Saturday, March 8, 2014

Playing With C …

Most of the time, when you're interested in C programming, you're also interested in performances. Doing homemade micro-benchmarks is, in itself, an interesting activity even if it's not productive at all …

Recently, after reading an article about pipeline and optimization (Playing with the CPU pipeline), I decided to test that by myself. This was also the occasion to (re)discover classical math functions.

Computing sinus

The easiest way to compute a trigonometric function is to use the traditional Taylor decomposition, there's better way, but we're not here to provide the best sinus function, we just want to play around …

I'll use the same approximation as my starting articles (since I want to test the code in it … ) The first naive version uses a homemade power and factorial functions.
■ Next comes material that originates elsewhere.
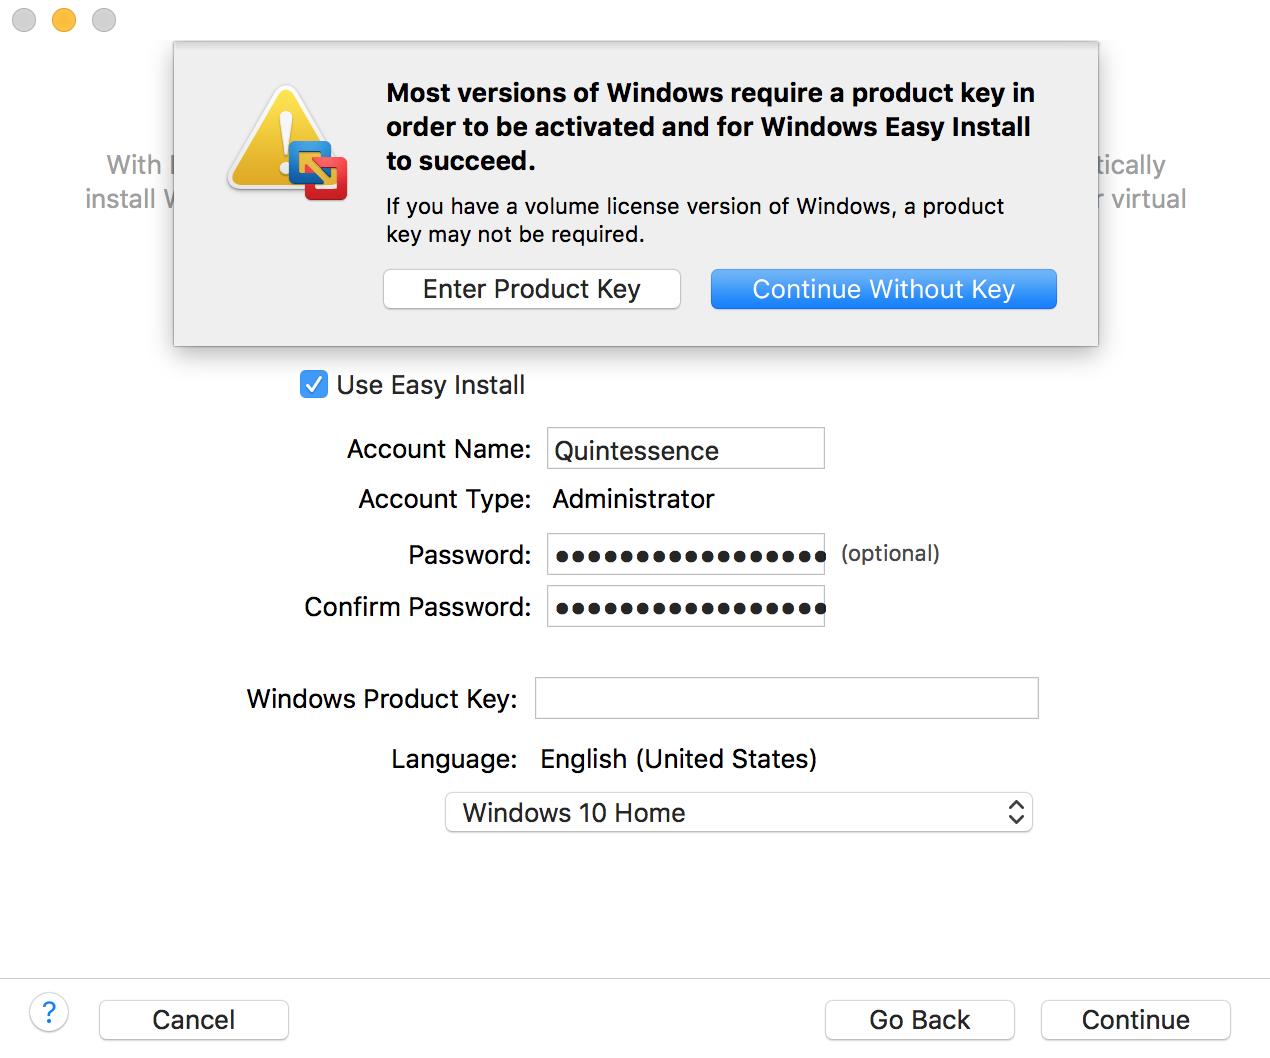 macOS 10, Windows 10, and VMWare Fusion 10

uint64_t fact(uint64_t n) {
  uint64_t      r = 1;
  for (; n; --n) r *= n;
  return r;
}

double qpower(double x, int p) {
  return p == 1 ? x : qpower(x * x, p >> 1) * (p % 2 ? x : 1);
}

// Taylor version
double sin_taylor(double x) {
  double        r = x;
  int           s = -1;
  for (int i = 3; i < 16; i += 2, s *= -1)
    r += s * qpower(x, i) / (double)fact(i);
  return r;
}

I hope you know how a quick exponentiation works (it has a O(log p) complexity).

The main issue here is that we're computing several time constant values using a function. So, the next step is to pre-compute the 8 values (I'll use the approximation provides in the aforementioned article that are closer to minimax approximation, which yield more accurate results) and put them in an array (for easier access.)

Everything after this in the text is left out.